Tujuh kabupaten lain di Papua Tengah, yakni Nabire, Paniai, Puncak, Puncak Jaya, Dogiyai, Deiyai, dan Intan Jaya, juga masing-masing menerima Rp137,2 miliar. Ekonom Institute for Development of Economics and Finance (INDEF), Tauhid Ahmad, menilai nilai kontribusi ini sangat signifikan bagi penerimaan negara.
"(Nilai) 75 triliun itu besar. Termasuk paling besar lah di antara (BUMN) yang lain. Karena kan nilai daripada ekspornya kan juga besar sekali dari hasil tabang mereka," ujar Tauhid Ahmad, Ekonom INDEF.

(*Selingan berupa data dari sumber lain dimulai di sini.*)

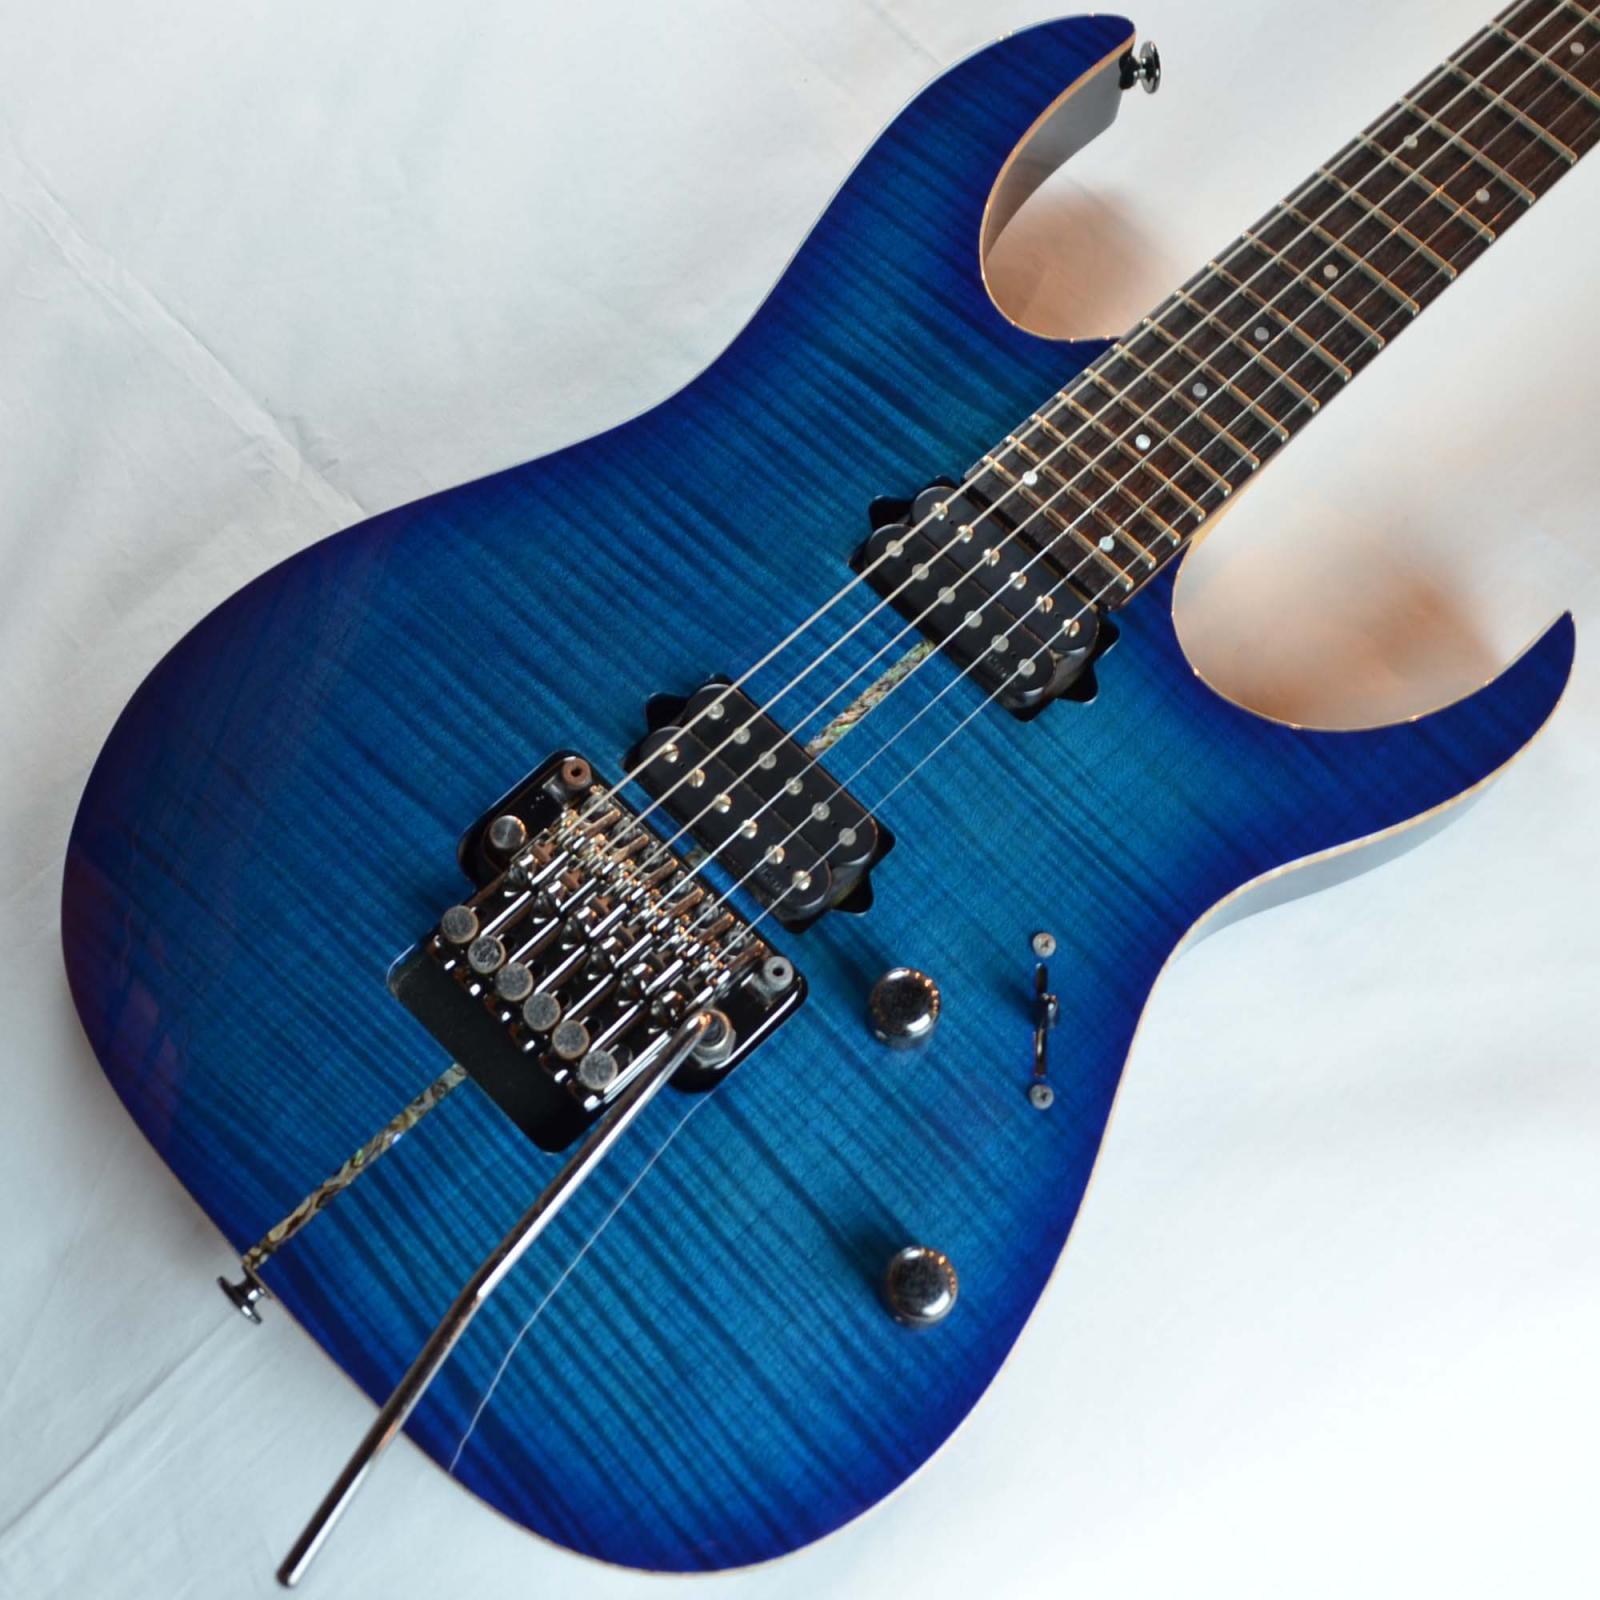 Ibanez RG-3520Z | Shimokura Musical Instruments

Tauhid menambahkan bahwa hasil tambang menjadi primadona di tengah krisis energi global dan ketidakpastian pasar minyak dunia. Kondisi tersebut mendorong kenaikan harga komoditas seperti emas dan batu bara yang berpotensi meningkatkan setoran negara di masa depan.
"Nah di tengah situasi ini. Krisis energinya, krisis minyak. Hasil tambang jadi primadona. Jadi kenapa misalnya ketika harga minyak naik. Orang akan mencari alternatif ke batu bara," ungkap Tauhid Ahmad, Ekonom INDEF.
Kenaikan harga pasar global diprediksi akan mendongkrak nilai setoran meskipun tarif royalti tidak mengalami perubahan. Tauhid menekankan bahwa situasi krisis biasanya diikuti dengan penguatan harga emas di pasar internasional.
"Ketika dolar, katakanlah di tengah situasi krisis ini, harga emas ada yang sebagian besar ikut naik," imbuh Tauhid Ahmad, Ekonom INDEF.